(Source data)
#####
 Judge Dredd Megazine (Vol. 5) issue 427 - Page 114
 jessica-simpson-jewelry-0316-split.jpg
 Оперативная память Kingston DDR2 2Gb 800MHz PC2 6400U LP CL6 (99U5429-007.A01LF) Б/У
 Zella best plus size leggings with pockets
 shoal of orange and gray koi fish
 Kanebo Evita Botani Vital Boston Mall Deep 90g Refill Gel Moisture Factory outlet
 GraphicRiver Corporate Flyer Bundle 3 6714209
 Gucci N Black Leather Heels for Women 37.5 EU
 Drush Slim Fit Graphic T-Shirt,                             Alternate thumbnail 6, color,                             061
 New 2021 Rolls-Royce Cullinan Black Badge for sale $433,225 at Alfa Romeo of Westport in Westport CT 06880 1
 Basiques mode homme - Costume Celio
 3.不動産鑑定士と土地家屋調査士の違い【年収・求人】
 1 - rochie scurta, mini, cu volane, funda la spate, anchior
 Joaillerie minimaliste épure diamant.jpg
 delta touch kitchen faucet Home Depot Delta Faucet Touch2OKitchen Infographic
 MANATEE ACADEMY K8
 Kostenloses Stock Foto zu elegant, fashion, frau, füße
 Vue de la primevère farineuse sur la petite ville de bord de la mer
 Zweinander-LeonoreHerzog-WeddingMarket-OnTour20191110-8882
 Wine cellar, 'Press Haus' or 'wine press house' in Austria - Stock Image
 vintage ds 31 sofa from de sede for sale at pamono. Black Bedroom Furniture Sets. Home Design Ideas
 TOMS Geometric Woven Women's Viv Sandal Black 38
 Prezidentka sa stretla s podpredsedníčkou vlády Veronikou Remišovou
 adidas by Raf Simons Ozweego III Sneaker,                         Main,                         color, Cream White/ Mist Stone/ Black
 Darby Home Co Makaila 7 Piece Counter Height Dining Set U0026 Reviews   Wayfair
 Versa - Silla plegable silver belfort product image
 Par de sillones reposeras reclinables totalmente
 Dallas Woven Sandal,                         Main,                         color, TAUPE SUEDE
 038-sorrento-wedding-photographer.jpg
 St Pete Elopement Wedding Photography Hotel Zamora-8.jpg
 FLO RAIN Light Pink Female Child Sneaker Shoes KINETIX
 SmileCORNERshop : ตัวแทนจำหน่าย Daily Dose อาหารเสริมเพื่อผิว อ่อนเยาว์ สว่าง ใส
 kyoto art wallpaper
#####
**Your assignment**
Set down exactly the lines beginning at the one that holds "038-sorrento-wedding-photographer.jpg" and ending with the last line of the data.

**Exercise answer**
 038-sorrento-wedding-photographer.jpg
 St Pete Elopement Wedding Photography Hotel Zamora-8.jpg
 FLO RAIN Light Pink Female Child Sneaker Shoes KINETIX
 SmileCORNERshop : ตัวแทนจำหน่าย Daily Dose อาหารเสริมเพื่อผิว อ่อนเยาว์ สว่าง ใส
 kyoto art wallpaper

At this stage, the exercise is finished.